▶ _Action item_
Omit every picture, then give all the entries again exactly.

[Stored entries]
"""

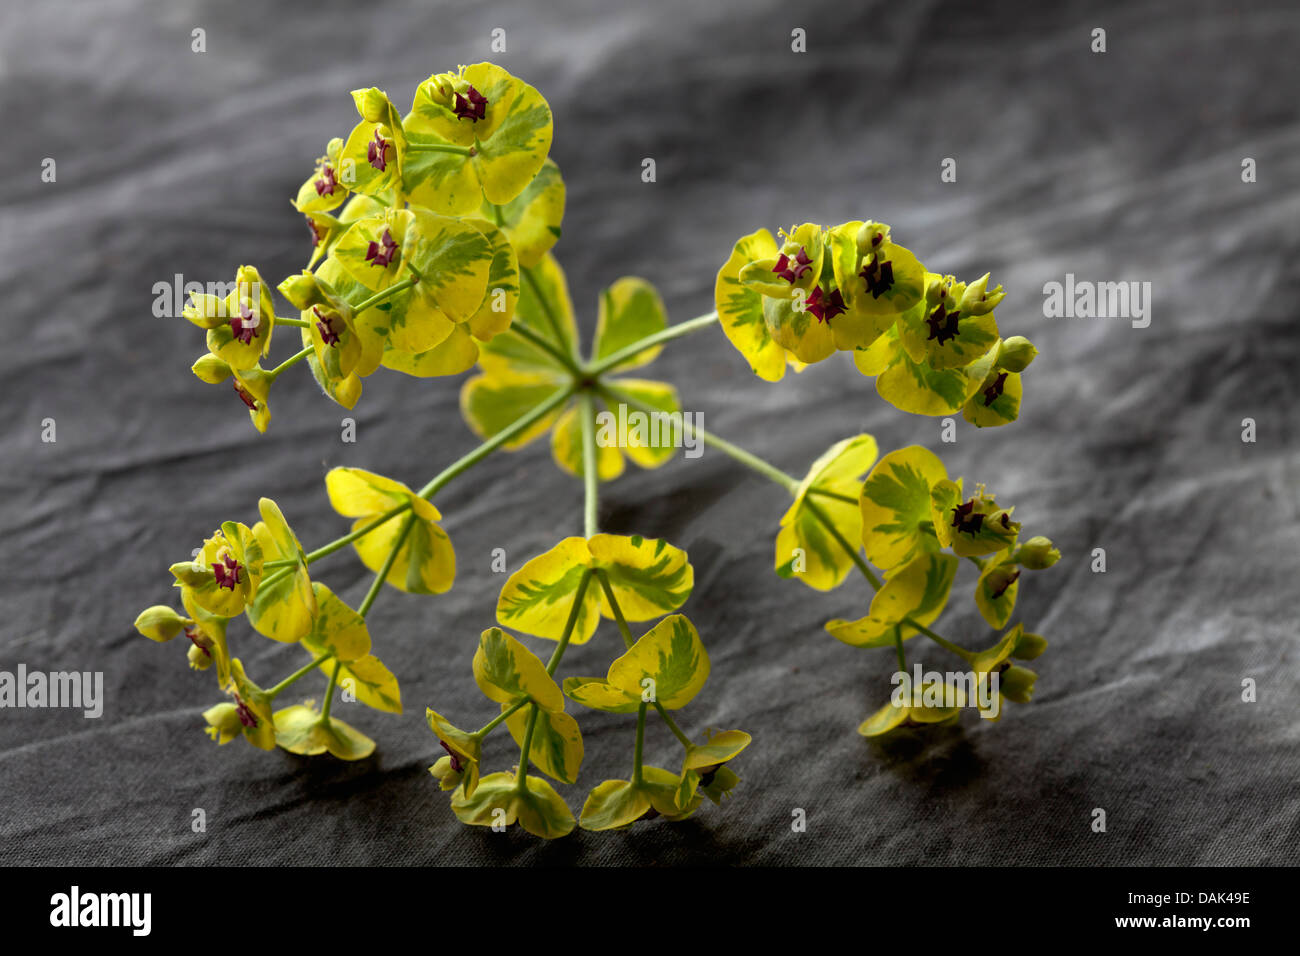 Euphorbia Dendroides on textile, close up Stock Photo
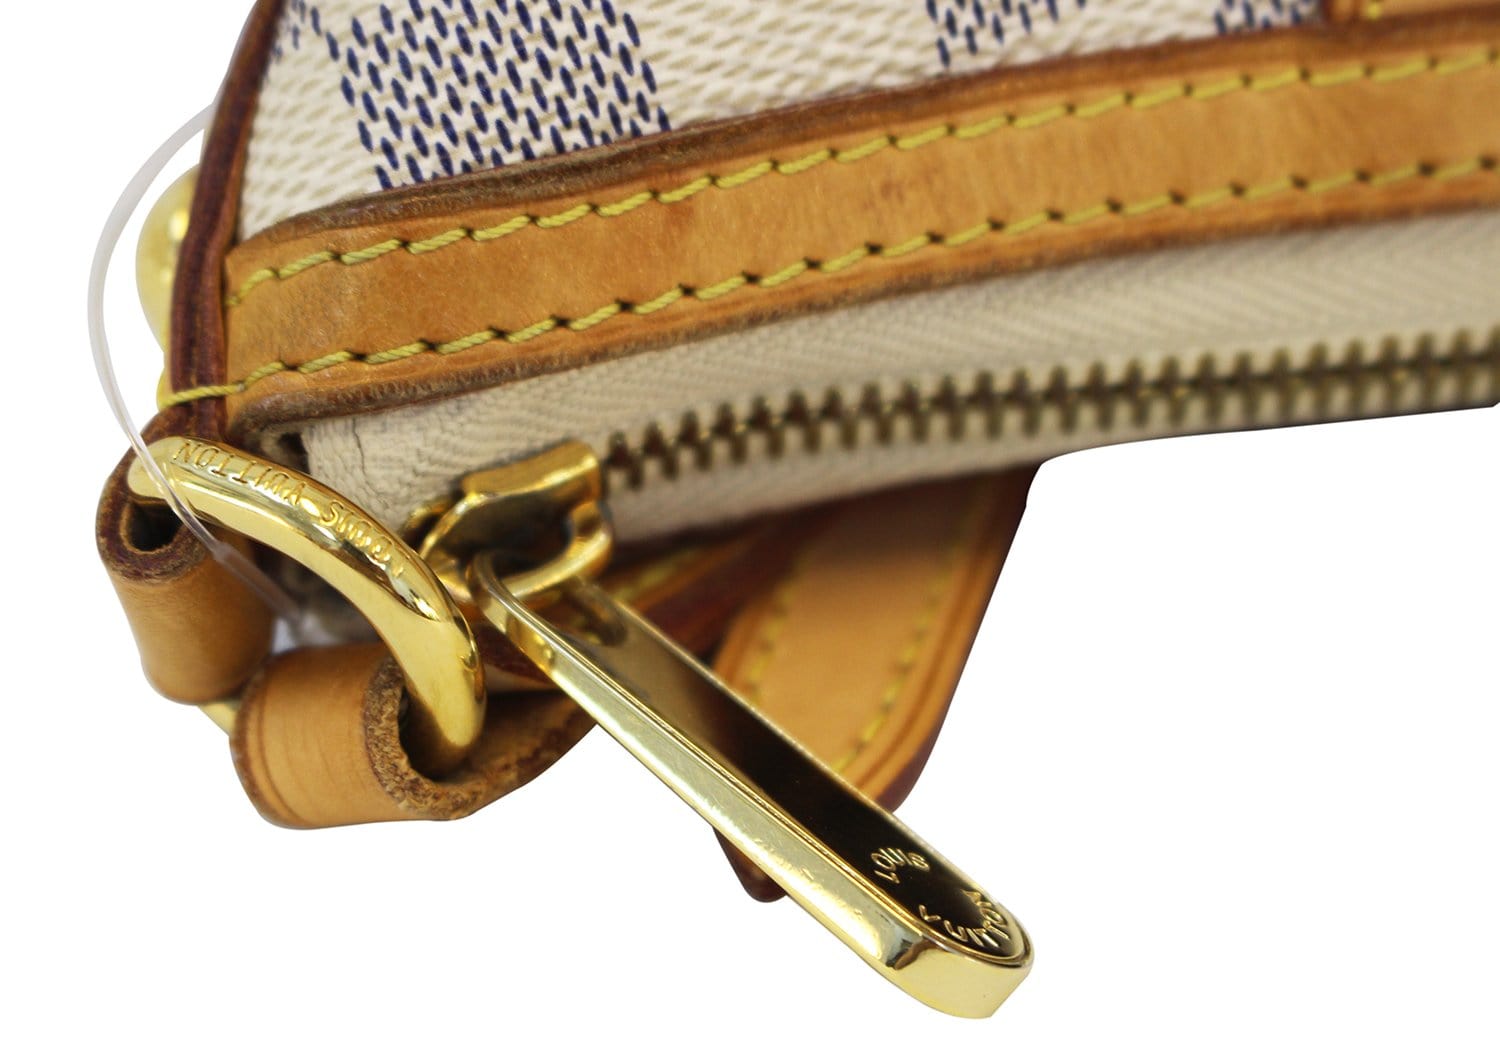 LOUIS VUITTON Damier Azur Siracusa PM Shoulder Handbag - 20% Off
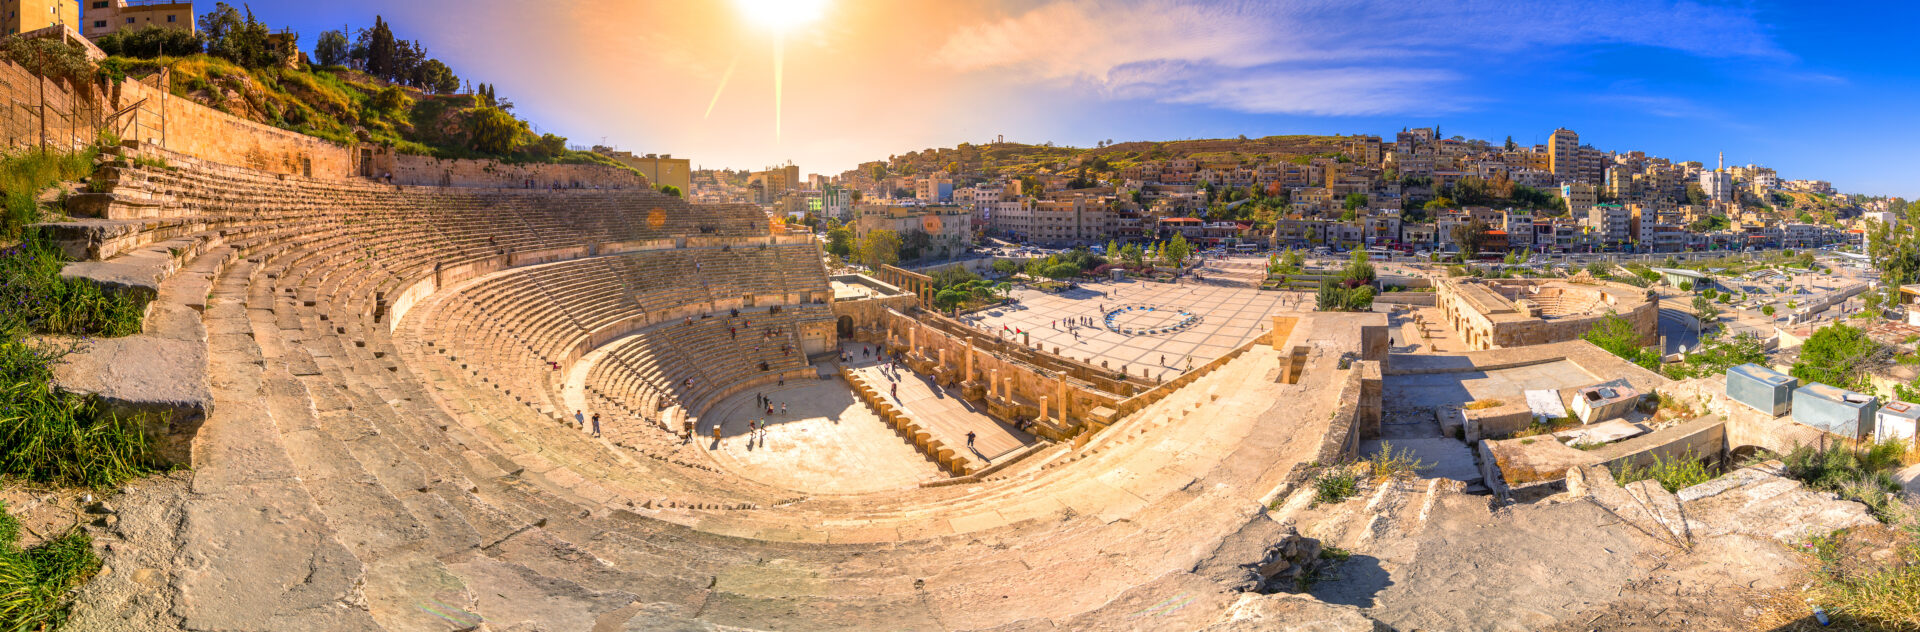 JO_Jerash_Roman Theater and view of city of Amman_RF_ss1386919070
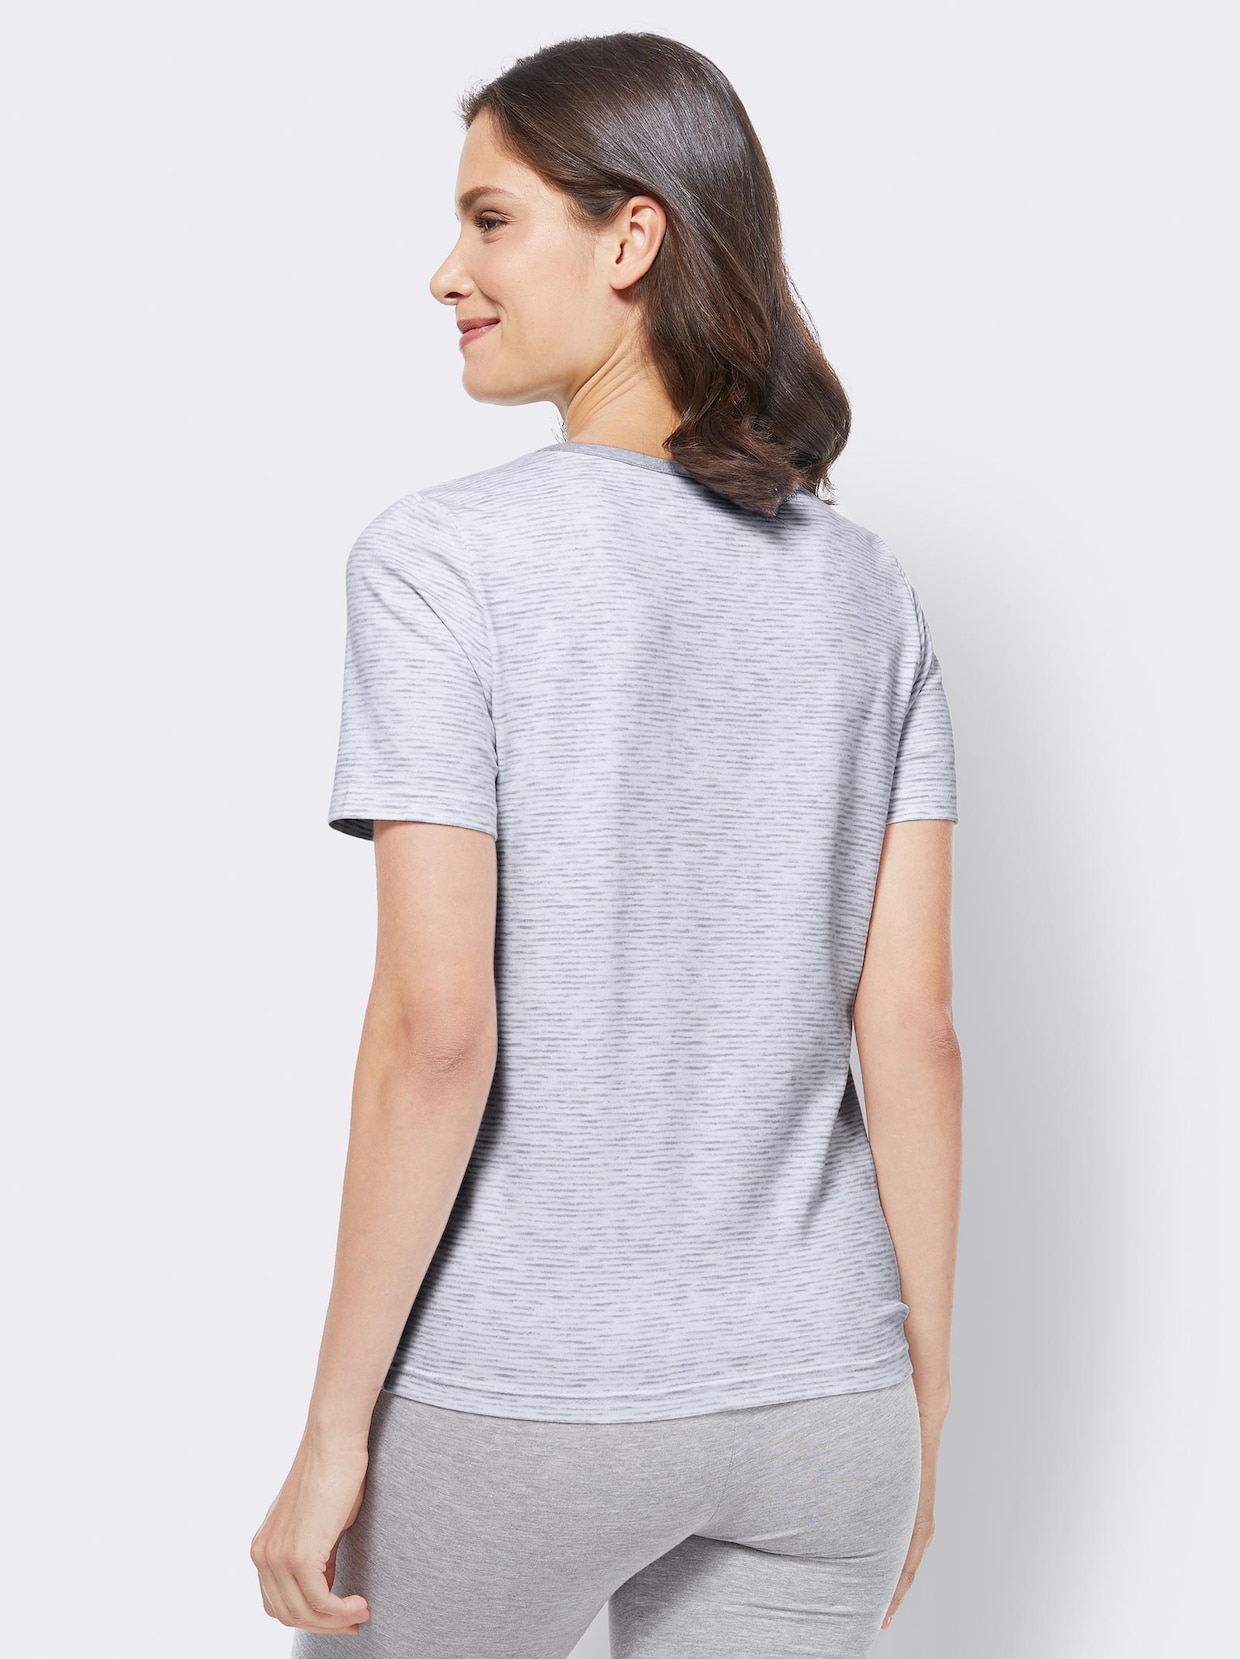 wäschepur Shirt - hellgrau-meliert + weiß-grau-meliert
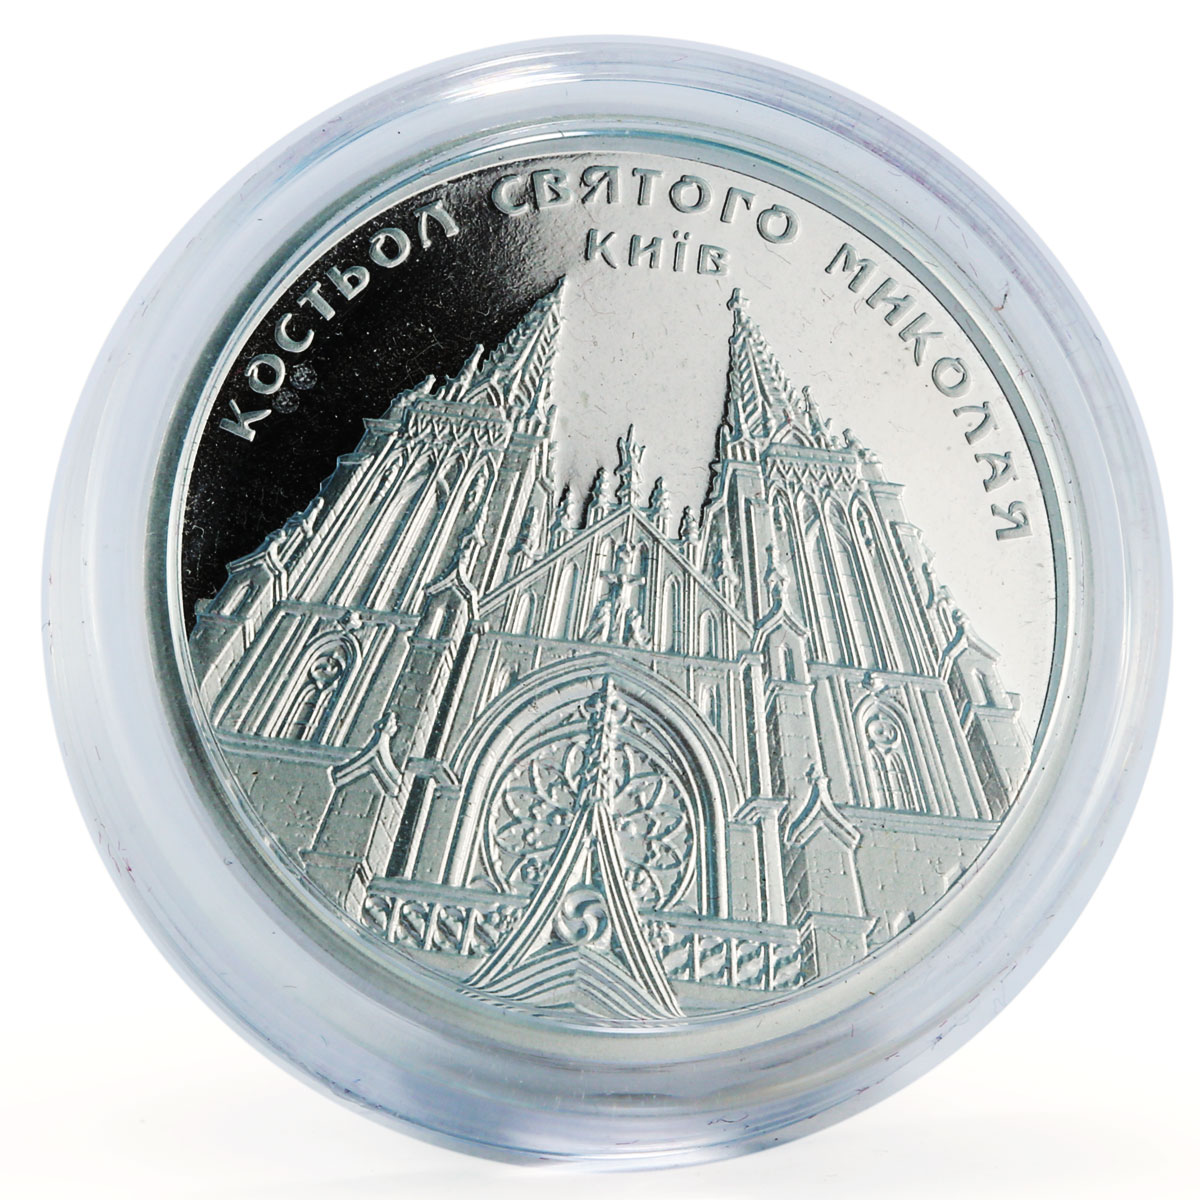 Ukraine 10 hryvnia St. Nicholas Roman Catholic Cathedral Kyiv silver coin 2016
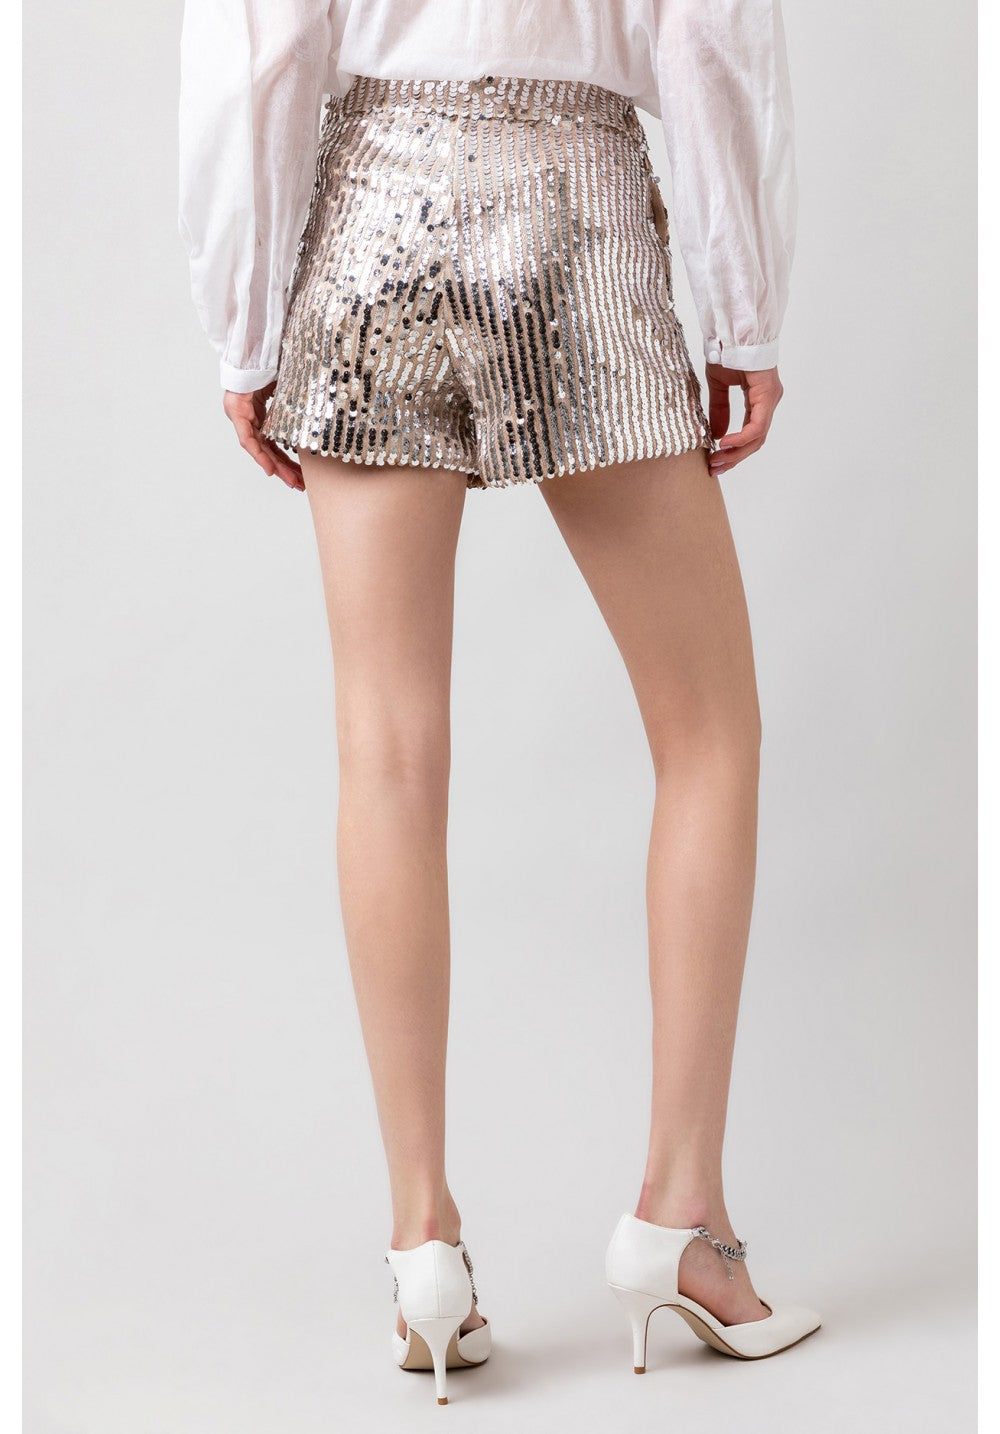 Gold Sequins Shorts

"""

▶ _Written answer_
 Euphorbia Dendroides on textile, close up Stock Photo
 LOUIS VUITTON Damier Azur Siracusa PM Shoulder Handbag - 20% Off
 JO_Jerash_Roman Theater and view of city of Amman_RF_ss1386919070
 wäschepur Shirt - hellgrau-meliert + weiß-grau-meliert
 Ukraine 10 hryvnia St. Nicholas Roman Catholic Cathedral Kyiv silver coin 2016
 Gold Sequins Shorts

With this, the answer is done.